%%

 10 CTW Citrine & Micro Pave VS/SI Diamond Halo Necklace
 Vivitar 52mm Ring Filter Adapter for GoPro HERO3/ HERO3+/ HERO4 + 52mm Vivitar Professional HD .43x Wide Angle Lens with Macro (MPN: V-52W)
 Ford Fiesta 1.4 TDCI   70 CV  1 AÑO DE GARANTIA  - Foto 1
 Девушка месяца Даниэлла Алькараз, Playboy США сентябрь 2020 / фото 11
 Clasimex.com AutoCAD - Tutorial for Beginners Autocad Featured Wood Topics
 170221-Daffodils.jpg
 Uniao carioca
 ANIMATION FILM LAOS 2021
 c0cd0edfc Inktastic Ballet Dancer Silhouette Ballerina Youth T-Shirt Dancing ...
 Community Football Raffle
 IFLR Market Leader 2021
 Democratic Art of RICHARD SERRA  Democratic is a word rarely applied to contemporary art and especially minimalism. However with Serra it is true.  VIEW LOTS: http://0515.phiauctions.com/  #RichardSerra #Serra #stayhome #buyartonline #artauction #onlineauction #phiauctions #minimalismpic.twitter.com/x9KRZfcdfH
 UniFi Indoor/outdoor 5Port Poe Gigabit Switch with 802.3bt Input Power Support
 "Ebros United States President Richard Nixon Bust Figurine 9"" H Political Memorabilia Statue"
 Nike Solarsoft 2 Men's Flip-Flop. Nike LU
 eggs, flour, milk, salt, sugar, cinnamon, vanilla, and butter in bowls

%%

Task description: The full set of entries has to be duplicated precisely.

Exercise solution:
 10 CTW Citrine & Micro Pave VS/SI Diamond Halo Necklace
 Vivitar 52mm Ring Filter Adapter for GoPro HERO3/ HERO3+/ HERO4 + 52mm Vivitar Professional HD .43x Wide Angle Lens with Macro (MPN: V-52W)
 Ford Fiesta 1.4 TDCI   70 CV  1 AÑO DE GARANTIA  - Foto 1
 Девушка месяца Даниэлла Алькараз, Playboy США сентябрь 2020 / фото 11
 Clasimex.com AutoCAD - Tutorial for Beginners Autocad Featured Wood Topics
 170221-Daffodils.jpg
 Uniao carioca
 ANIMATION FILM LAOS 2021
 c0cd0edfc Inktastic Ballet Dancer Silhouette Ballerina Youth T-Shirt Dancing ...
 Community Football Raffle
 IFLR Market Leader 2021
 Democratic Art of RICHARD SERRA  Democratic is a word rarely applied to contemporary art and especially minimalism. However with Serra it is true.  VIEW LOTS: http://0515.phiauctions.com/  #RichardSerra #Serra #stayhome #buyartonline #artauction #onlineauction #phiauctions #minimalismpic.twitter.com/x9KRZfcdfH
 UniFi Indoor/outdoor 5Port Poe Gigabit Switch with 802.3bt Input Power Support
 "Ebros United States President Richard Nixon Bust Figurine 9"" H Political Memorabilia Statue"
 Nike Solarsoft 2 Men's Flip-Flop. Nike LU
 eggs, flour, milk, salt, sugar, cinnamon, vanilla, and butter in bowls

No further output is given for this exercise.